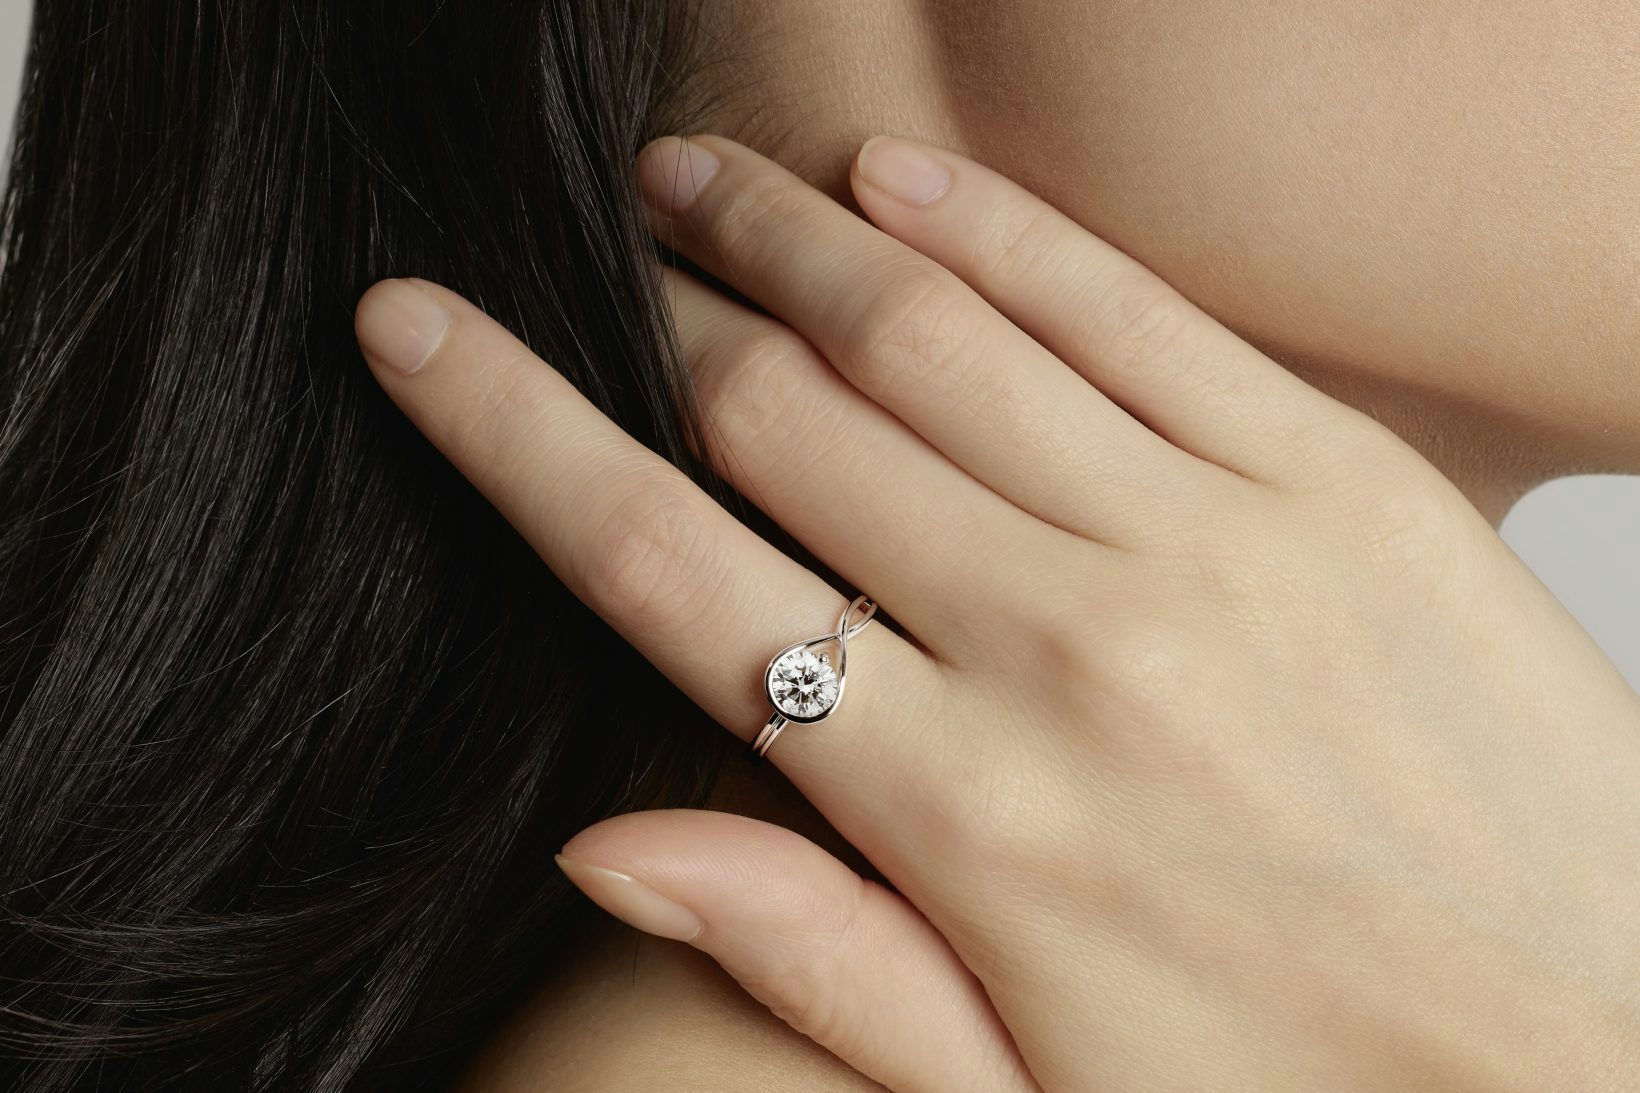 Pandora, the world’s largest jewellery brand, invests in lab-grown diamonds
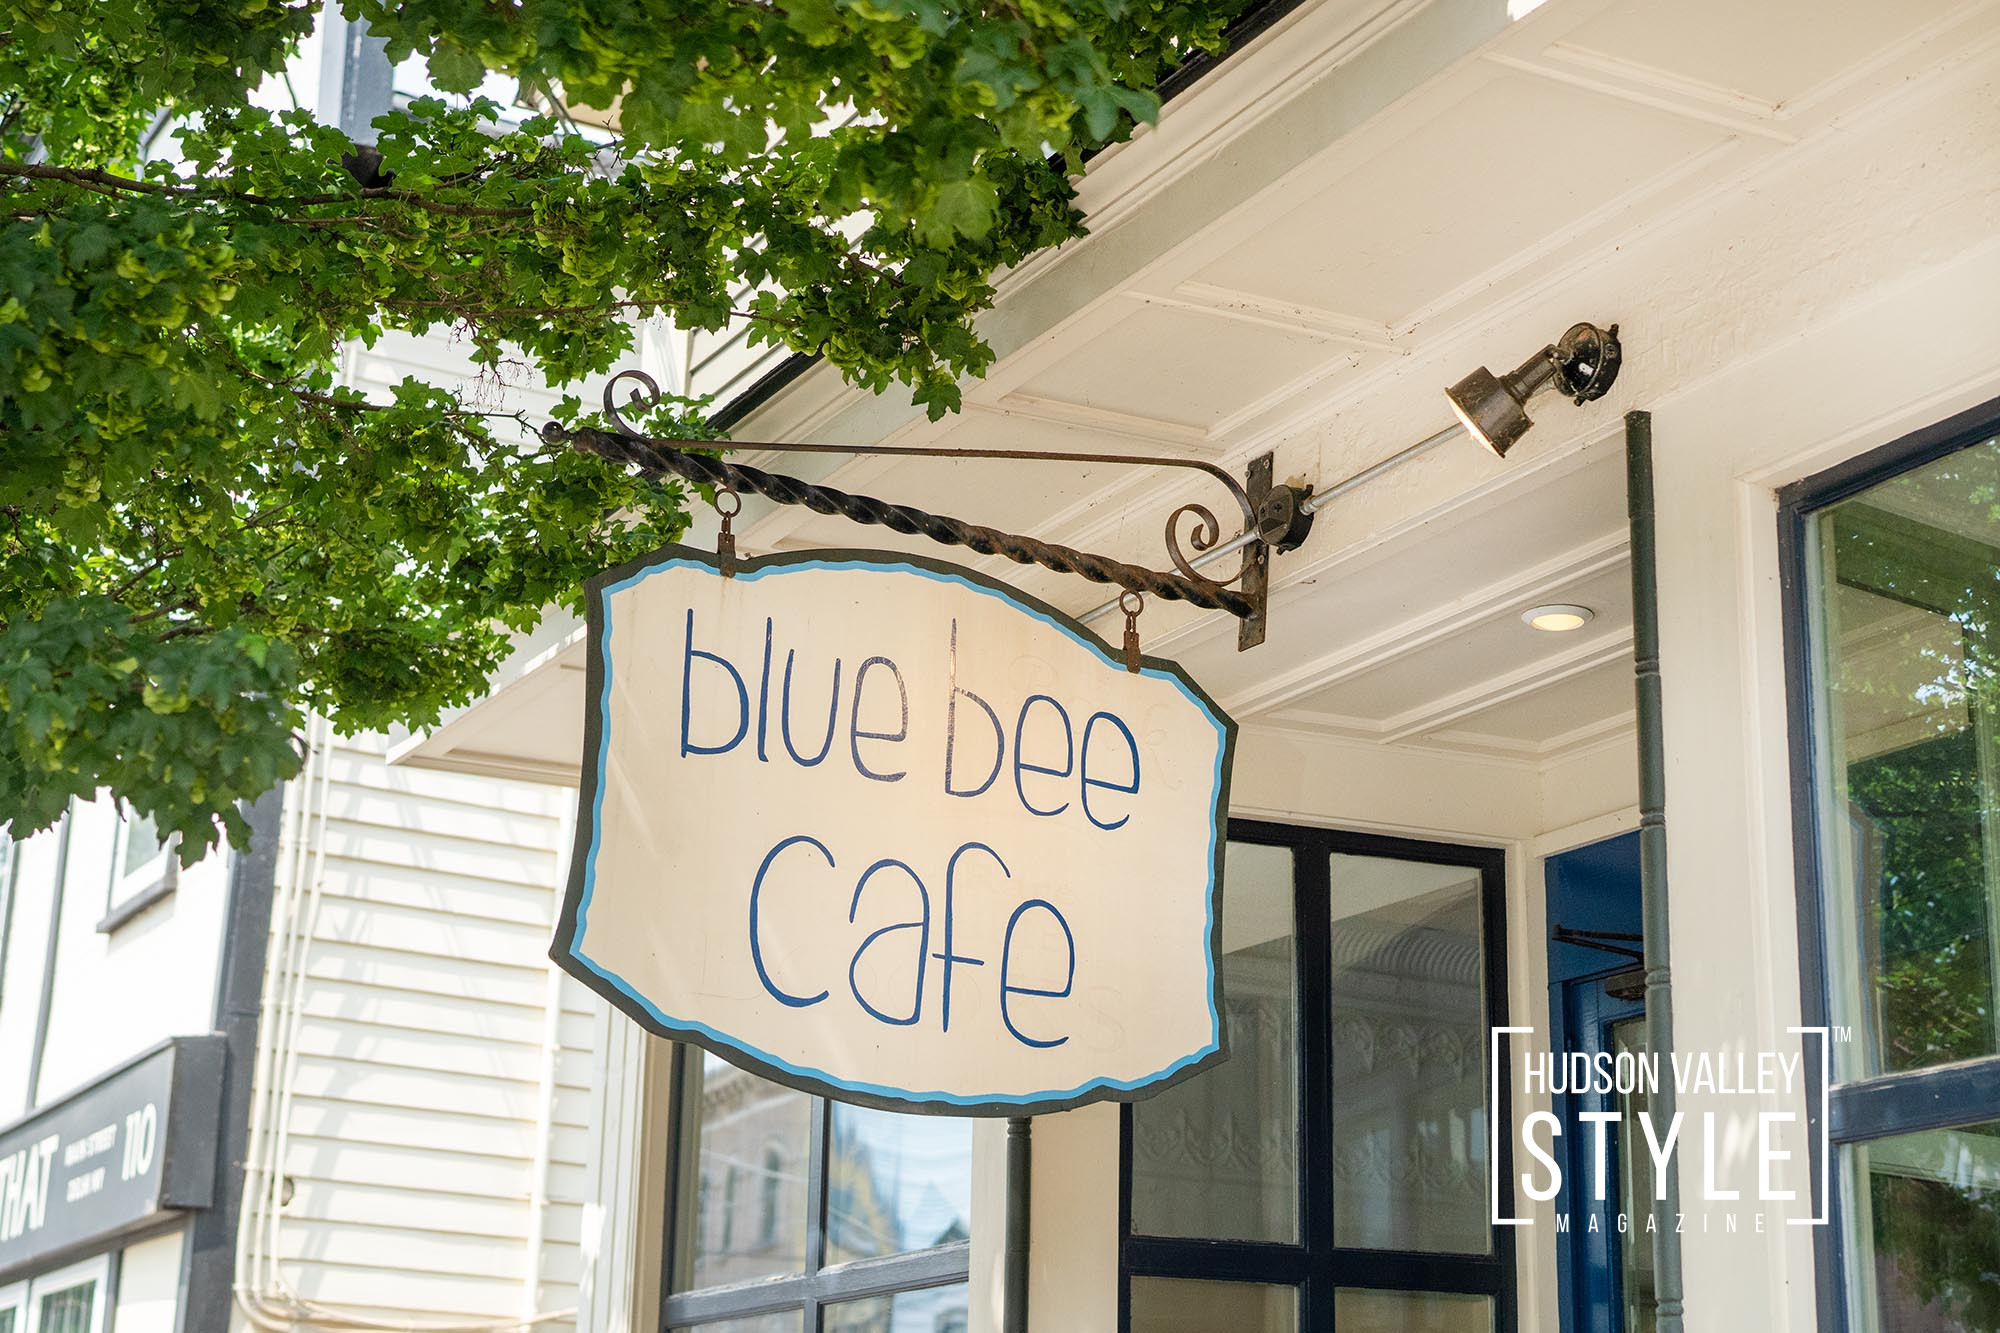 Delightful Delhi, NY: A Gourmet Journey at Blue Bee Cafe – Restaurant Reviews with Photographer Maxwell Alexander – Presented by Alluvion Vacations
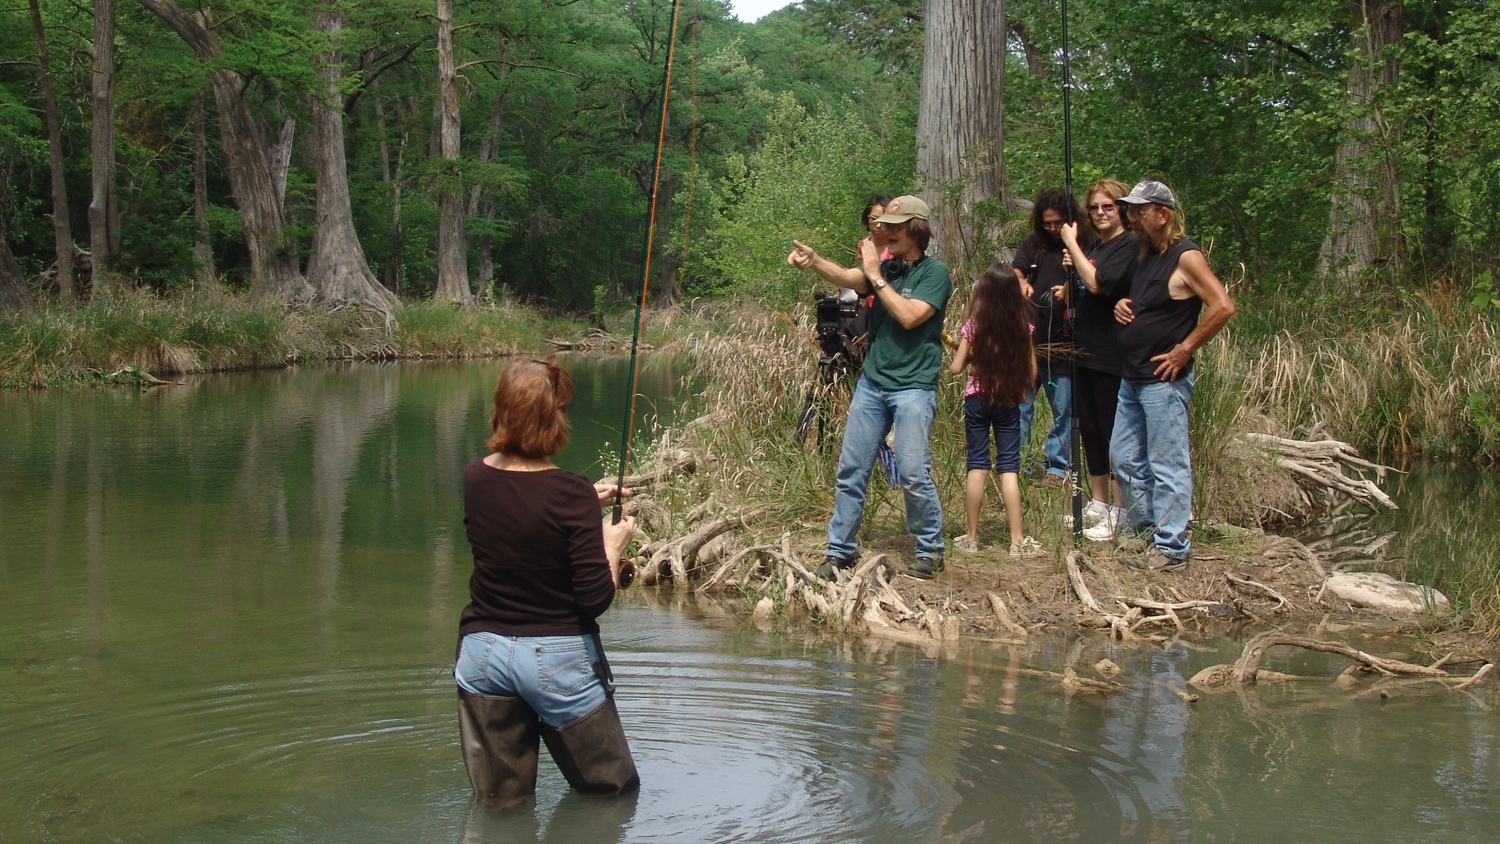 crew filming on the Blanco River. The director, Rodger Marion, is in the green shirt.

───

▶ _ACTION ITEM_: Minus its pictures, the full listing should be copied verbatim.

▶ _TASK OUTPUT_:
 Pandora, the world’s largest jewellery brand, invests in lab-grown diamonds
 Delightful Delhi, NY: A Gourmet Journey at Blue Bee Cafe – Restaurant Reviews with Photographer Maxwell Alexander – Presented by Alluvion Vacations
 crew filming on the Blanco River. The director, Rodger Marion, is in the green shirt.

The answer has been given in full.